EXERCISE: Begin at the line containing "AJIACO ANIMATION" and copy exactly through the last line of the listing, skipping every picture.
**** DATA SHOWN ****
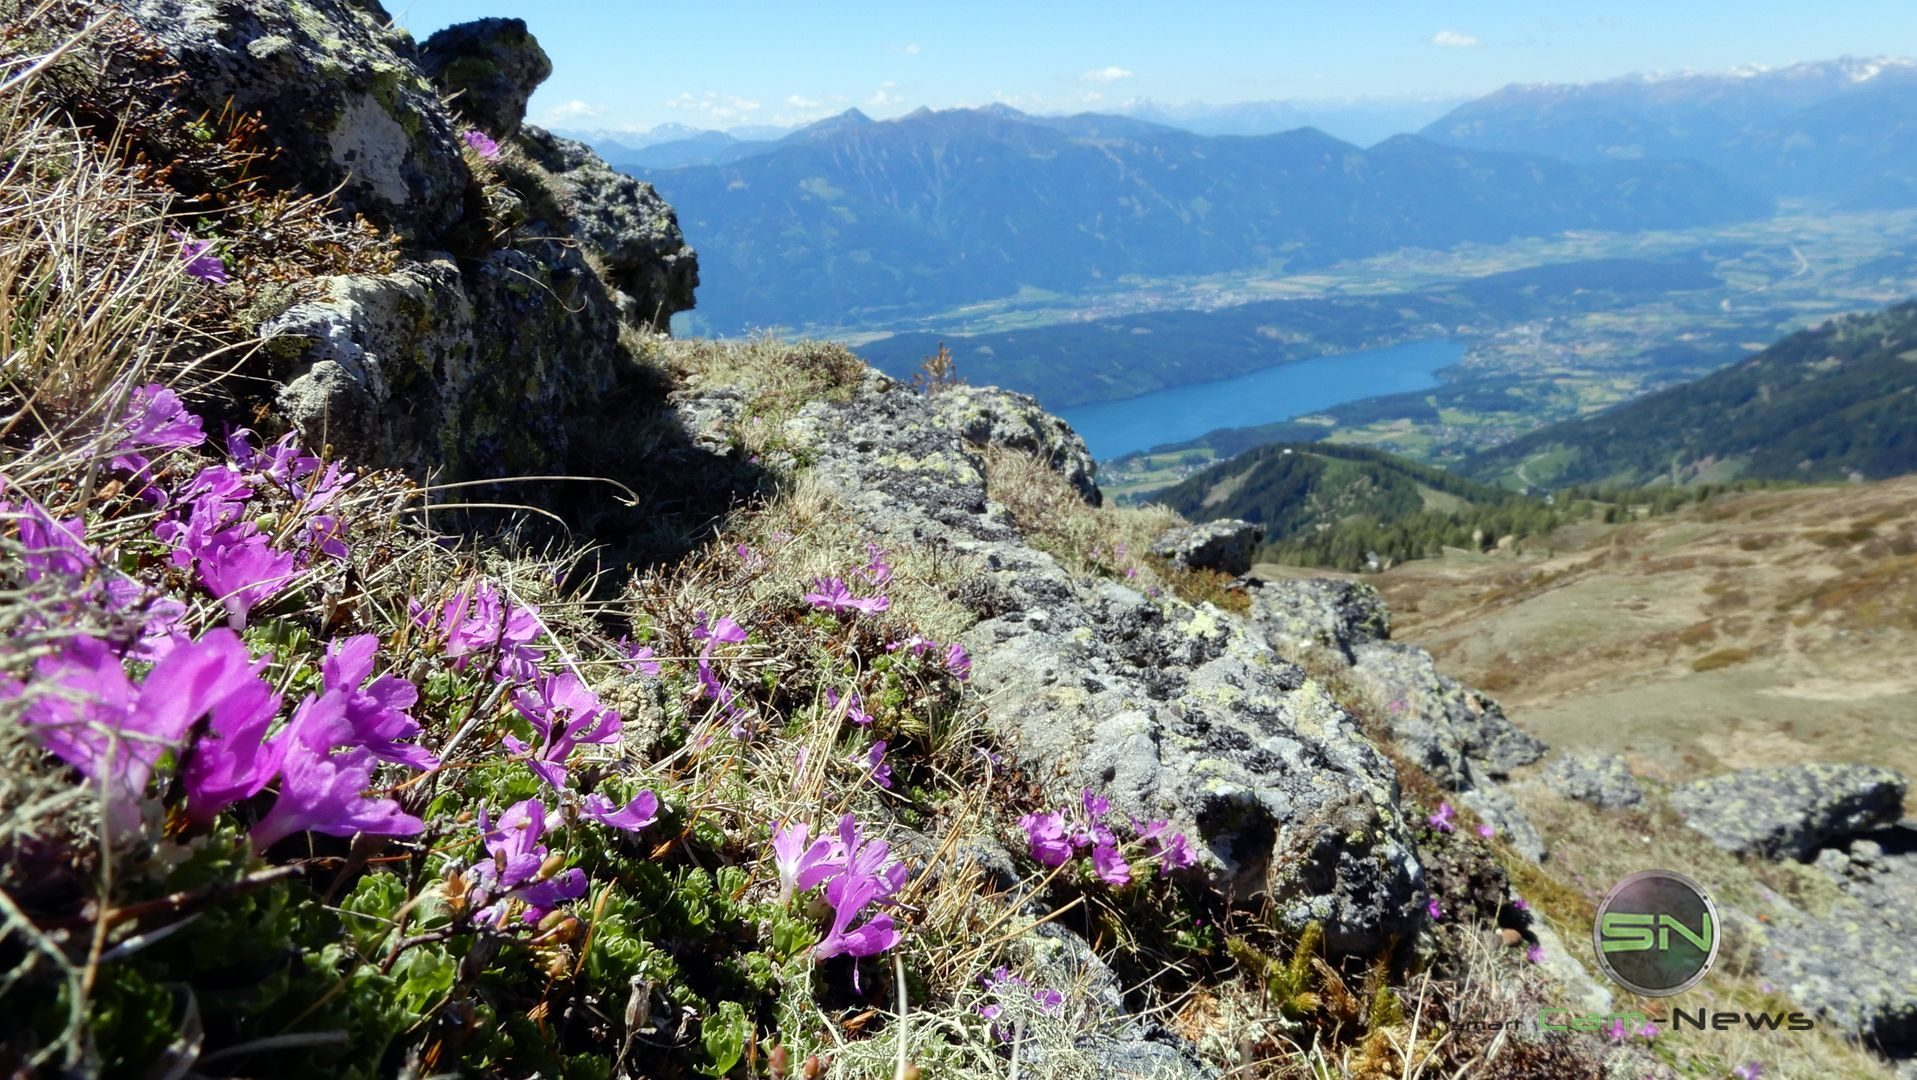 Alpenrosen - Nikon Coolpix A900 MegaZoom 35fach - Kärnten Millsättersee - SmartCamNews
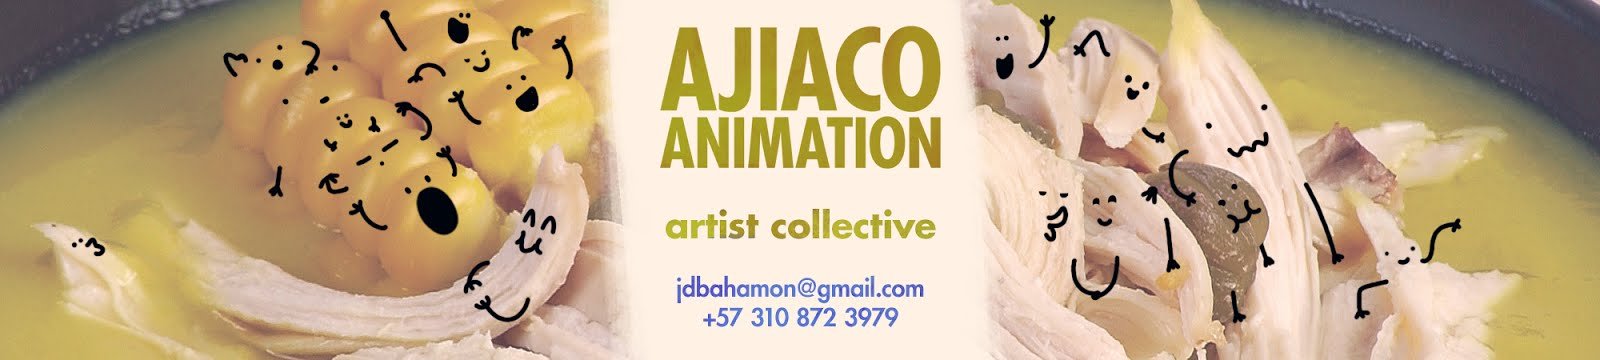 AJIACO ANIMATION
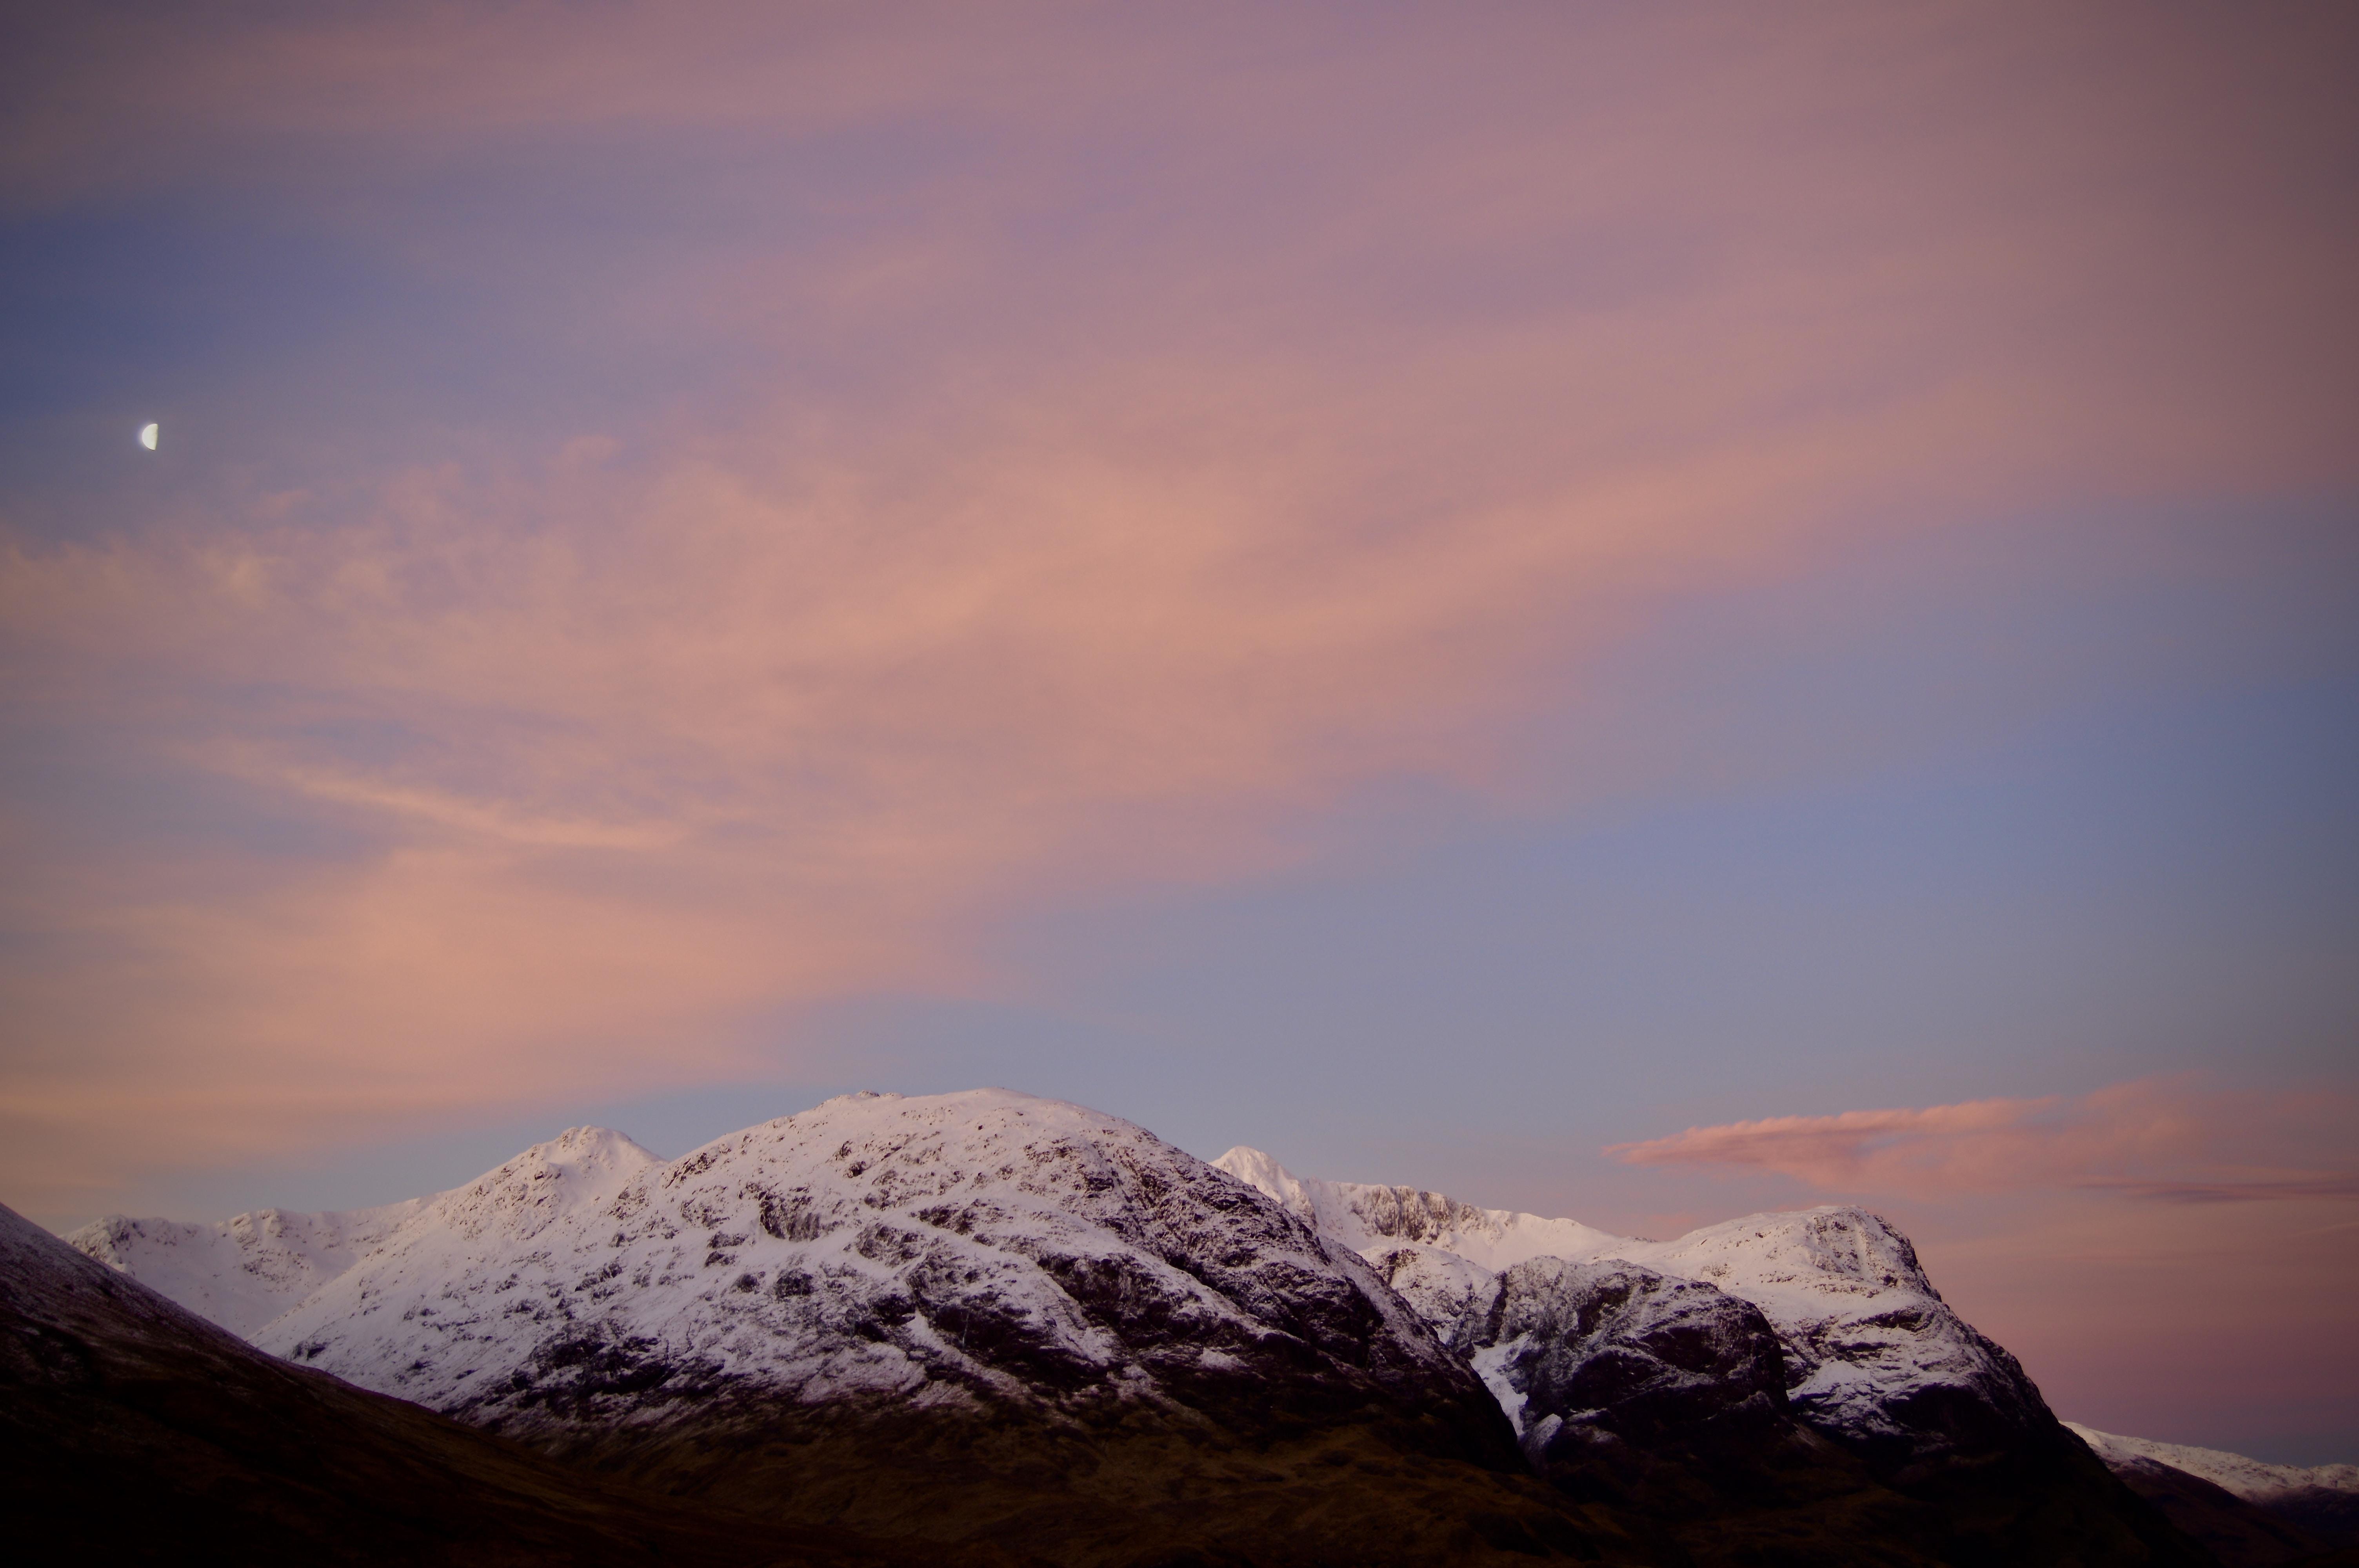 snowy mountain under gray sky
****
OUTPUT:
 AJIACO ANIMATION
 snowy mountain under gray sky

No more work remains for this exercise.